More Than an Anchor: KTVU’s Frank Somerville

img_1458By: Melissa Healey

When most people think of a news anchor, they think of someone who sits behind a desk and reads a script–they usually don’t imagine them doing their own reporting. Longtime KTVU anchor Frank Somerville, however, takes the unconventional route.

“I don’t just tell the story,” says Somerville. “I tell people what it was like.”

Somerville, a three time Emmy award winner at KTVU, is the anchor on the evening segments, airing from 5-10pm. He has been with the station since 1991—ten years after he first got his start as an intern at that very same station.

“I can’t say enough about the value of being an intern,” says Somerville, who has also worked at local station in Santa Rosa, Minneapolis, and Rhode Island.
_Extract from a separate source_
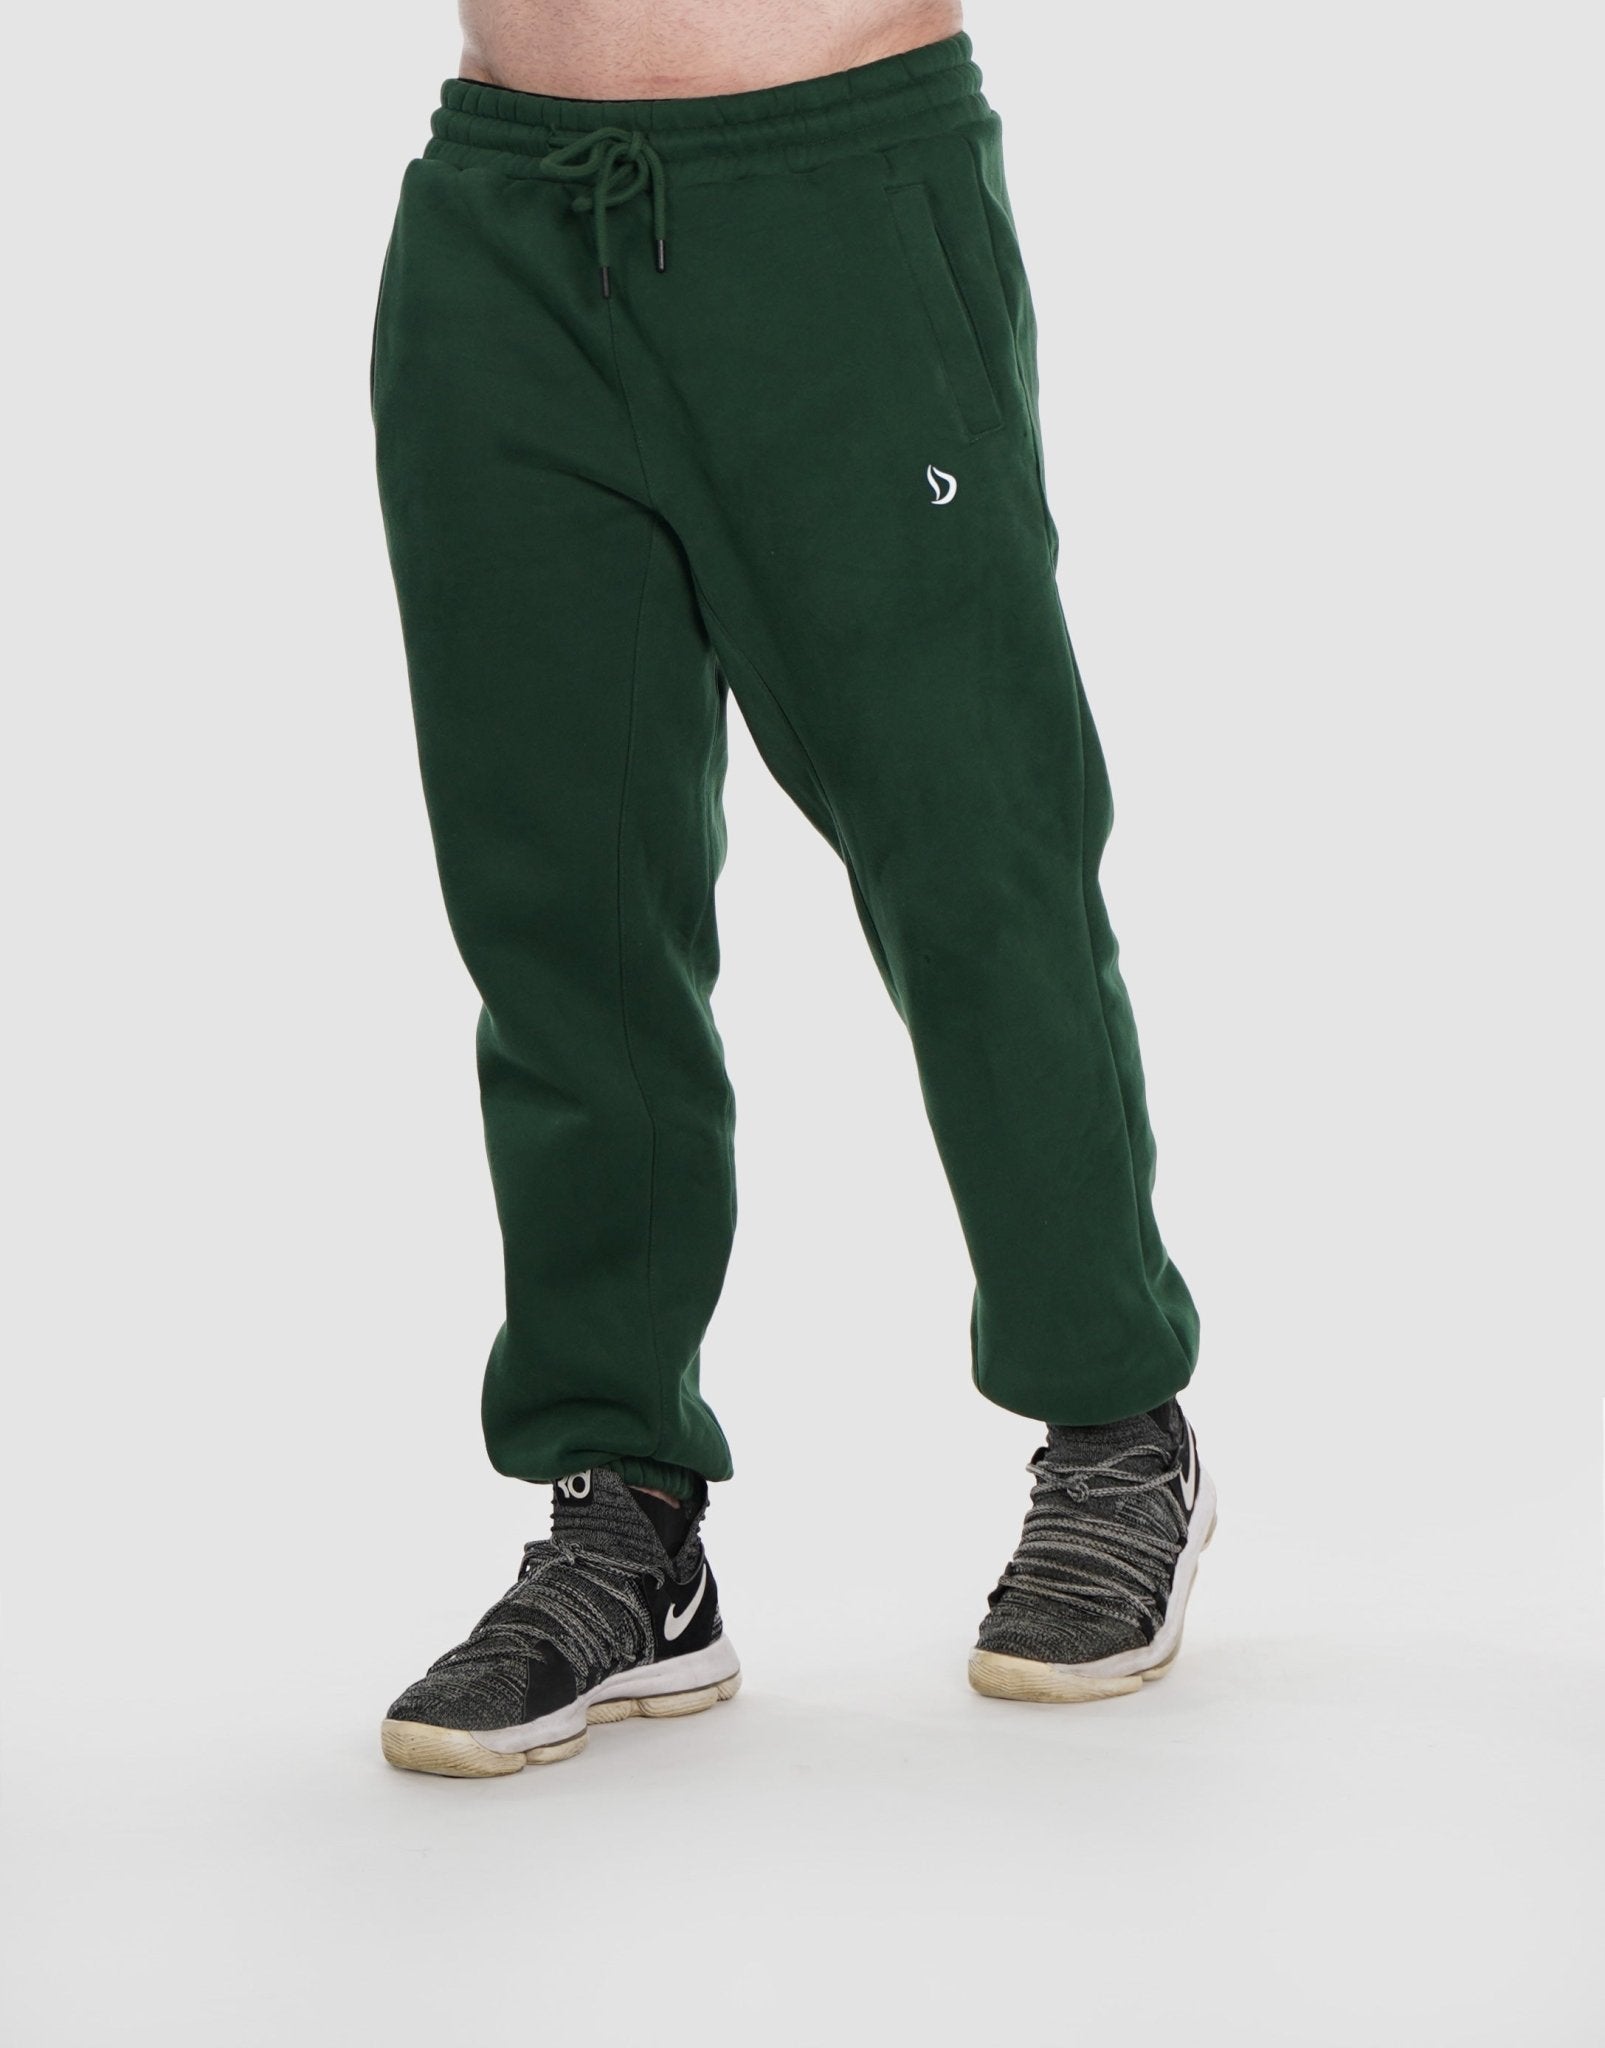 Champion Sweatpants Men's Jersey Joggers Side Pockets Comfortable Athletic  Fit
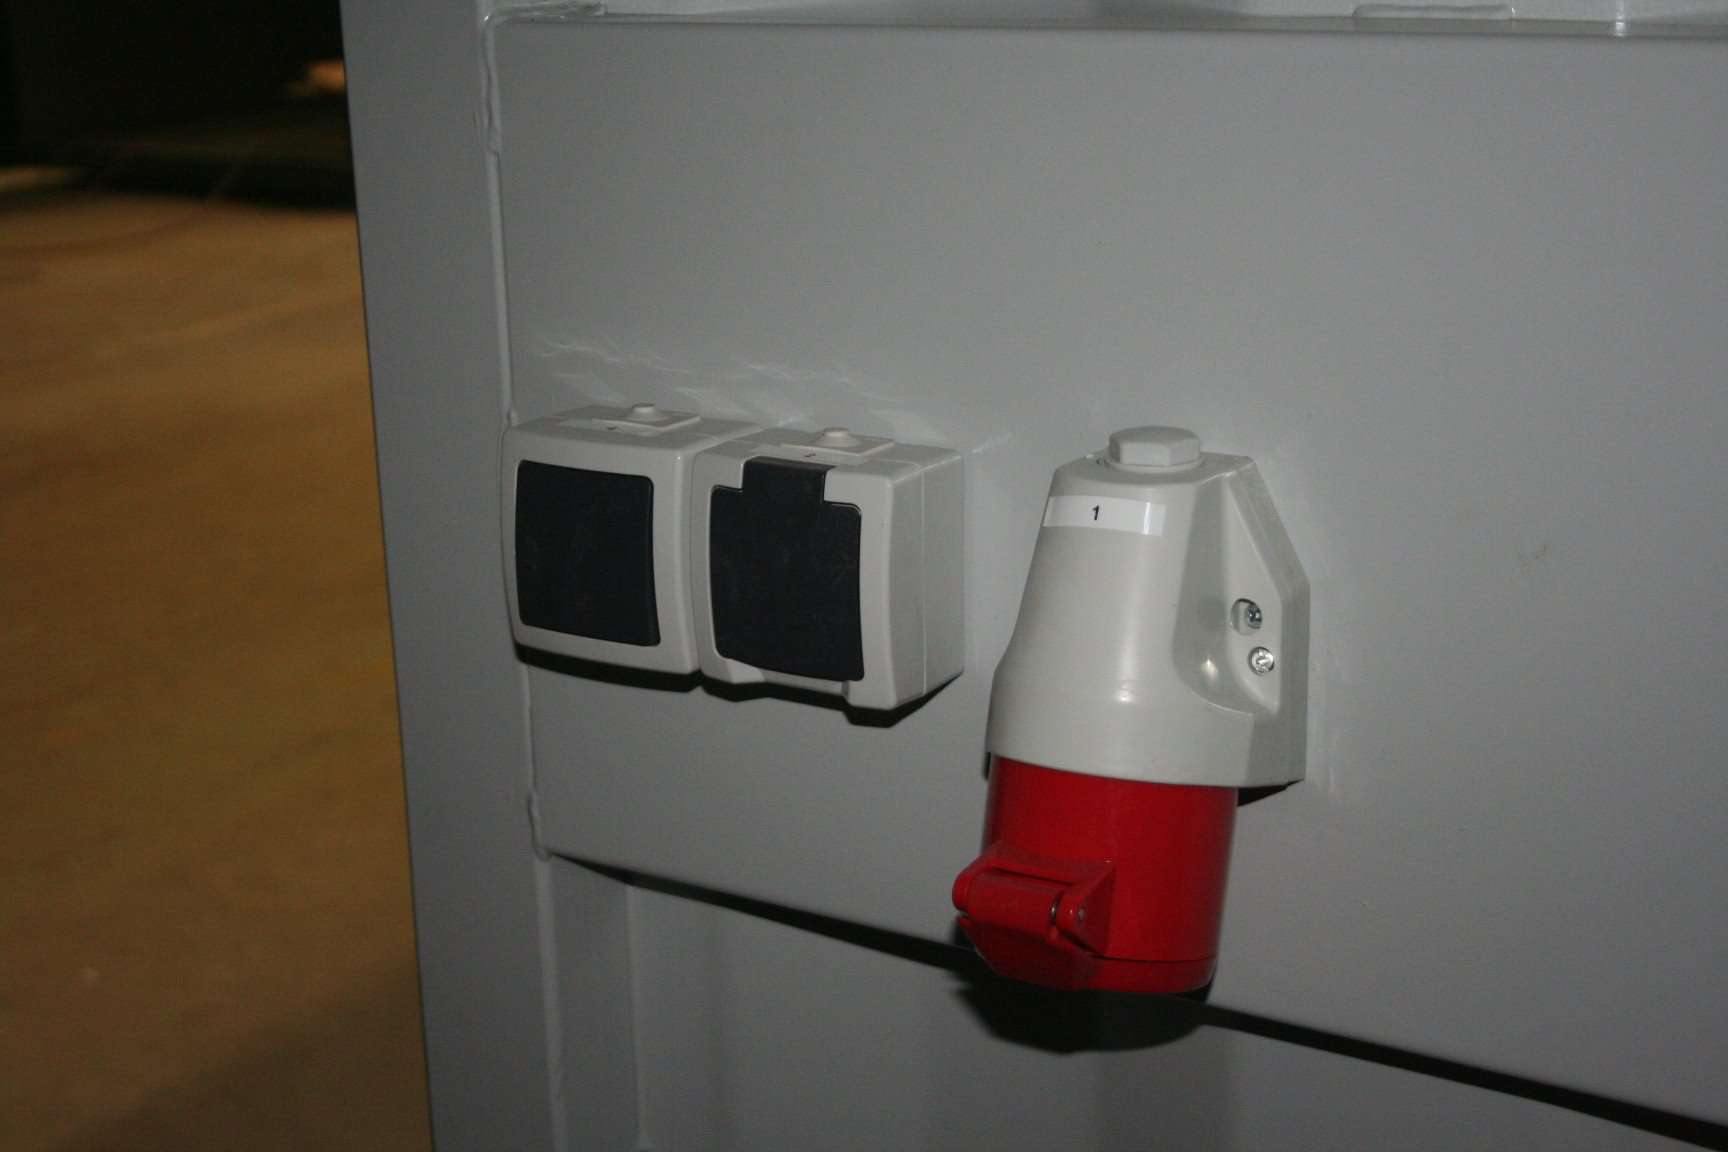 ABS intec - Technikcontainer Industriecontainer Steckdose 230V 400V Lichtschalter - BHKW-Container

When it comes to doing his job, Somerville is all about breaking boundaries. He doesn’t just sit comfortably behind his desk: he puts himself right in the center of the action.

“The more personal experiences I have, the better I am as an anchor,” says Somerville.

Somerville tells of the experience he had witnessing an execution of an inmate at San Quentin Prison who had raped a little girl before throwing her off a cliff to her death. What shocked him the most about the experience wasn’t the process or the looks on the family member’s faces: it was his own reaction.

“At the end of it, I didn’t care,” says Somerville, who is a father of two. “What I’ve learned in this business is that people don’t always think or react they way you think they should.”

Somerville has seen the other side to tragic situations, experiences which he believes help him be a better anchor.

“I don’t have a physically demanding job, but I have a mentally demanding one,” says Somerville.

Somerville is known to frequently attend funerals Oakland, usually ones that occur as a result of street crime. As hard as they are to attend, Somerville finds that the experiences help him tell the stories with greater compassion.

“These kind of things put things in perspective for me,” says Somerville, who describes a time when a mother he was talking to physically collapsed in his arms at her son’s funeral. “It’s really powerful to feel someone’s legs buckle from emotion.”

Somerville believes in having a certain passion while telling a story, finding a way to connect with the audience at home.

“I don’t want to feel fake telling a story,” says Somerville, who admits he sometimes passes a story along to his co-anchor if he doesn’t feel he can be genuine with it.

As for the changing ways of news distribution, Somerville says it is “super important” for the younger generation to stay informed, and believes there will always be a big demand for televised news stories.

“News affects everyone,” says Somerville. “It doesn’t affect me more just because I’m older.”

Even though he’s not a reporter, Somerville pledges that he will continue to make site visits before reporting a story, because he believes that connecting with victims is the best way to connect him to the story.

“I’ll take no for an answer, but it’s my job to ask,” says Somerville.

And he understands that these aren’t just lines he’s reading off of a script: these are real people’s lives.

“It’s not just #46 in Oakland,” says Somerville. “It’s a person. That’s why I do what I do.”